The two sutras translated in this chapbook were among the first to arrive in China in the first and second centuries and among the first to be translated. Compiled from other texts as Buddhist primers for an audience that was new to the Dharma, their emphasis is on the Buddha's teachings of suffering, emptiness, impermanence, and no self. Couched in the simplest of language, they have remained part of the daily liturgy in Buddhist temples throughout East Asia ever since. In addition to a preface, and footnotes where necessary, they are presented here in a bi-lingual edition.
The Missionary Sutras: The Forty-two Paragraph Sutra & Eight Realizations of a Mahasattva Sutra, Red Pine, Paperback, 60 pp, $9.00
Bill Porter, who translates under the name Red Pine, was born in Califoria and grew up in Northern Idaho. He recieved his graduate degree at Columbia University and studied with a faculty that included Margaret Mead and Ruth Benedict. He became interested in Buddhism, and in 1972 he left America and moved to a Buddhist monastery in Taiwan. During this time, he married a Chinese woman, with whom he has two children, and he began working on translations of Chinese poetry and Buddhist texts. In 1993, he returned to America so that his children could learn English. For the past twenty years, he has worked as an independent scholar and has supported himself from book royalties and lecture fees. During this time, he has lectured at many of the major universities in the US, England and Germany where he has lectured on Chinese history, culture, poetry, and religion.
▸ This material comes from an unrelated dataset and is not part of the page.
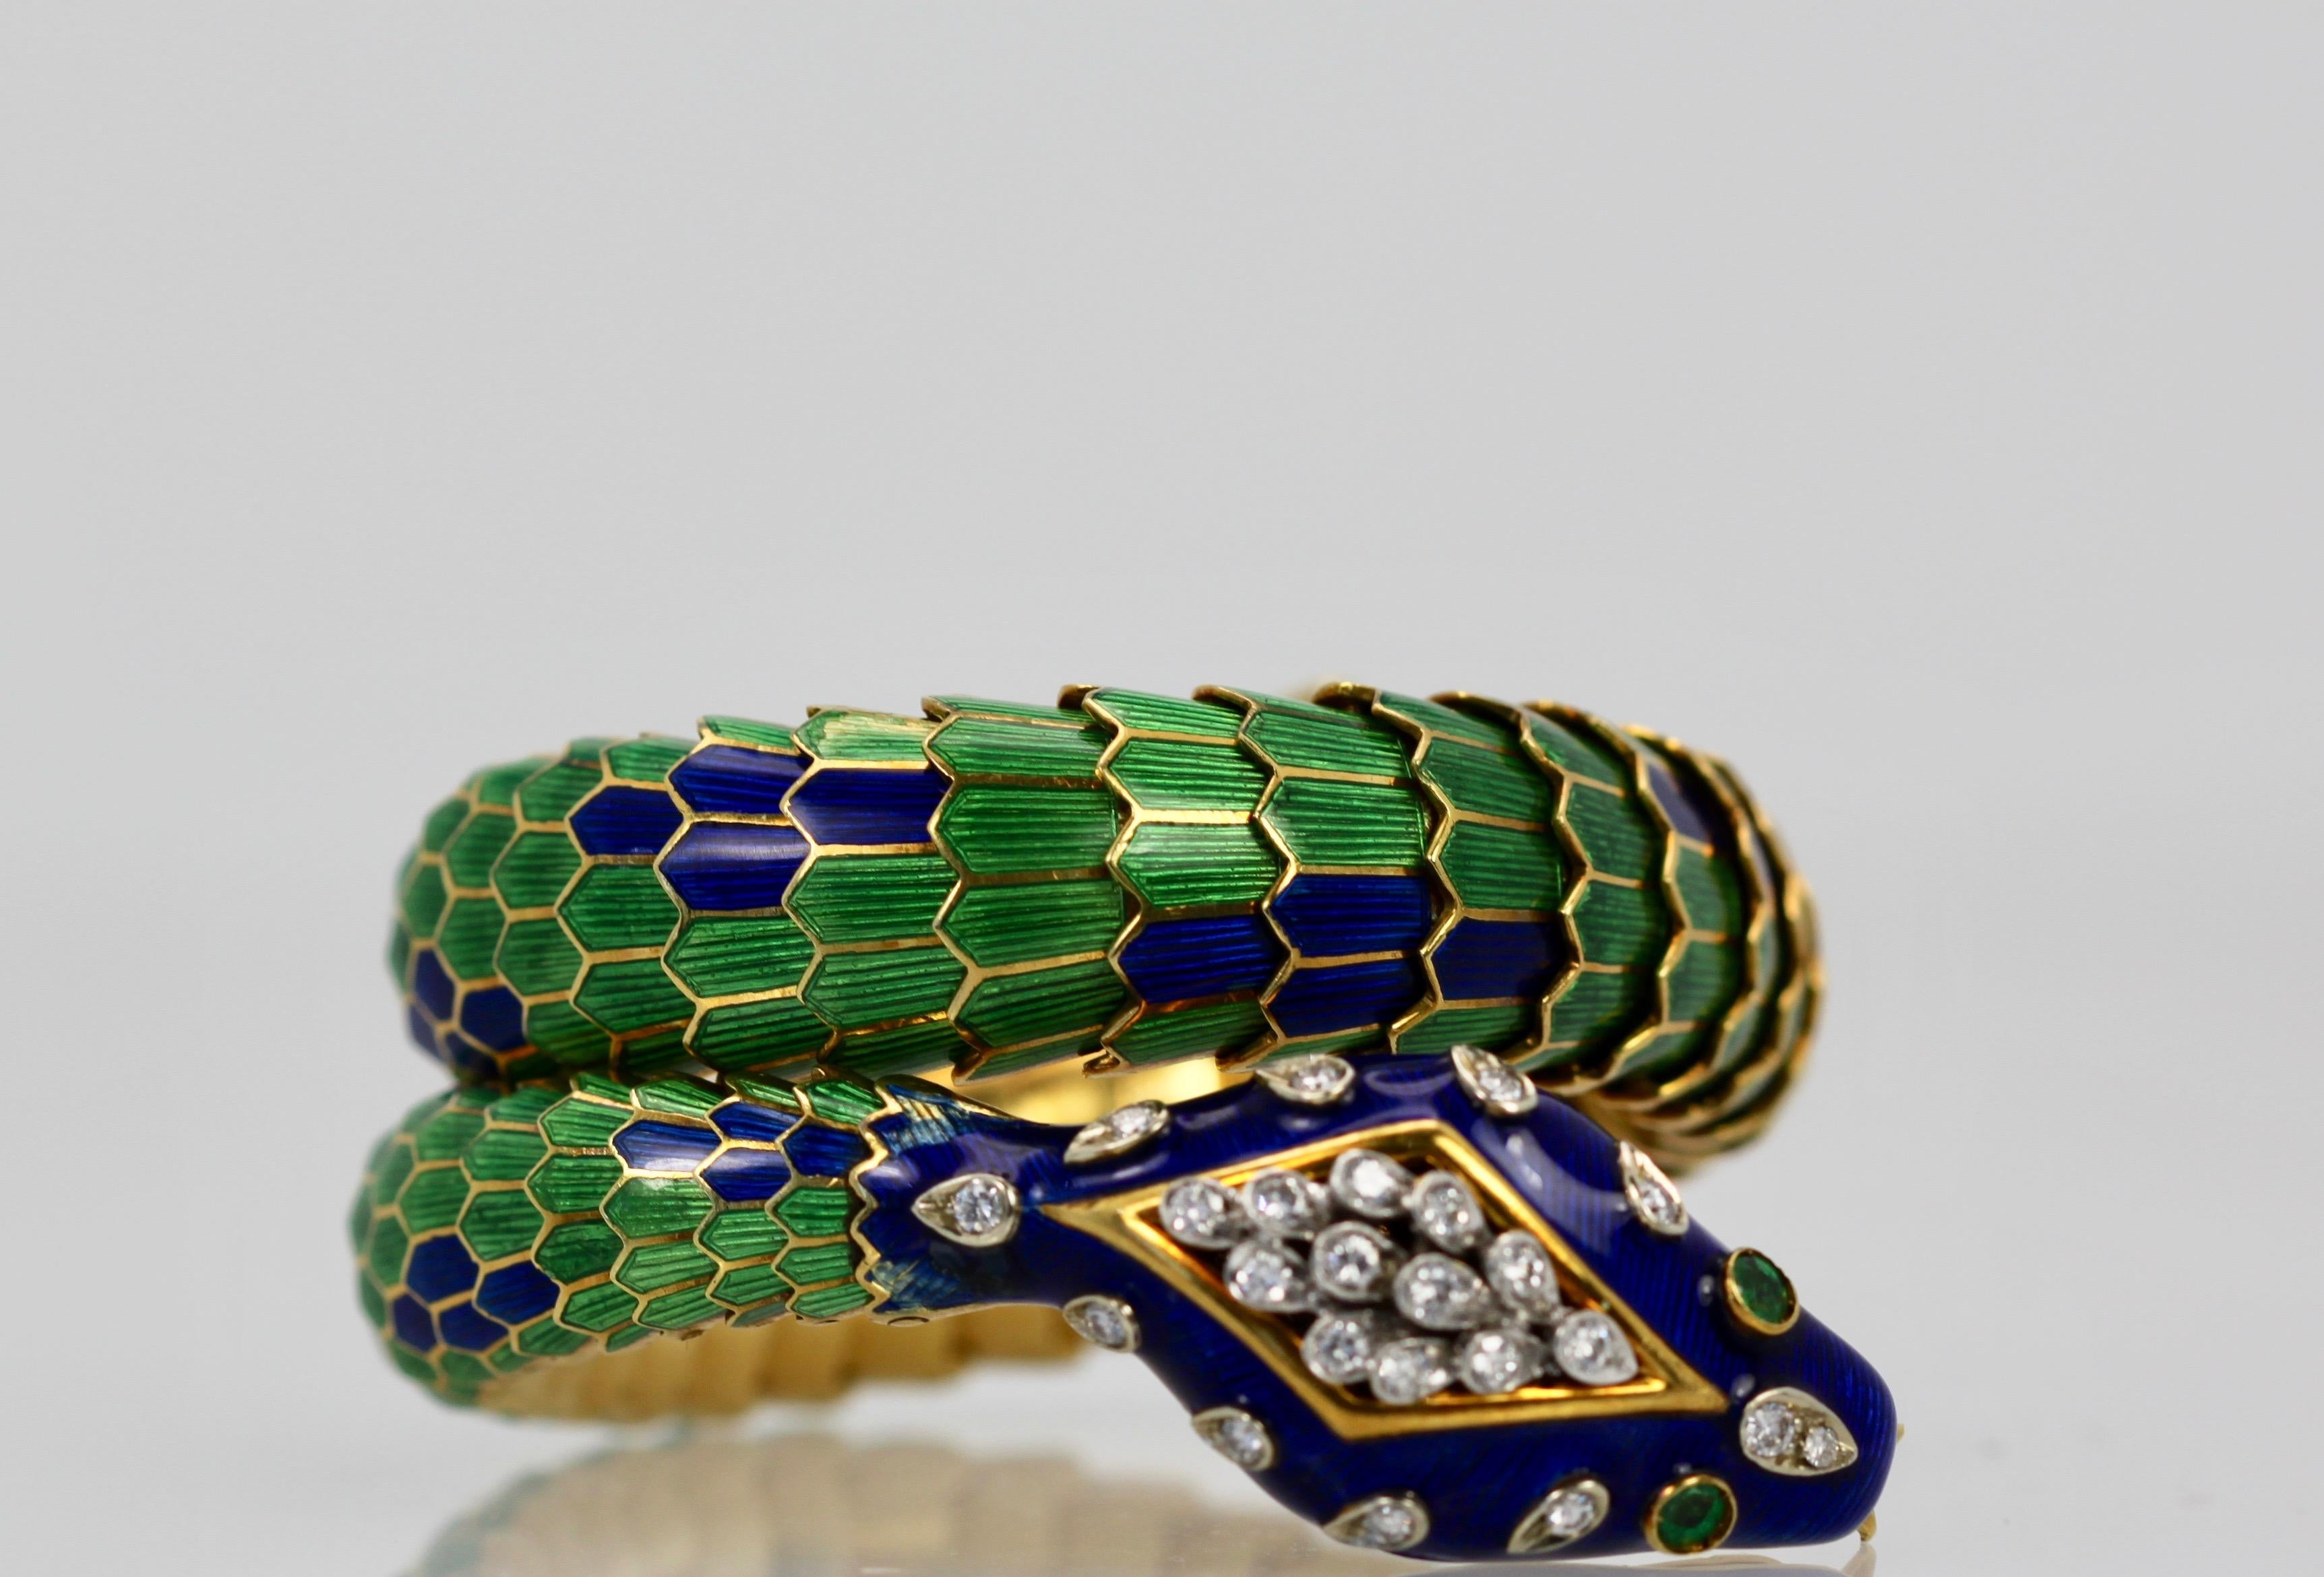 Enamel Articulated Snake Serpent Bracelet Diamond Head 18 Karat In Excellent Condition For Sale In North Hollywood, CA

His translations of texts dealing with these subjects have been honored with a number of awards, including two NEA translation fellowships, a PEN translation award, the inaugural Asian Literature Award of the American Literary Translators Association, a Guggenheim Fellowship, which he received to support work on a book based on a pilgrimage to the graves and homes of China's greatest poets of the past, which was published under the title Finding Them Gone in January of 2016, and more recently in 2018 the Thornton Wilder Prize for Translation bestowed by the American Academy of Arts and Letters. His translations include WHY NOT PARADISE (Empty Bowl, 2019), STONEHOUSE'S POEMS FOR ZEN MONKS (Empty Bowl, 2019), CATHAY REVISITED (Empty Bowl, 2019), A DAY IN THE LIFE (Empty Bowl, 2018), P'U MING'S OXHERDING PICTURES AND VERSE (Empty Bowl, 2015), and more.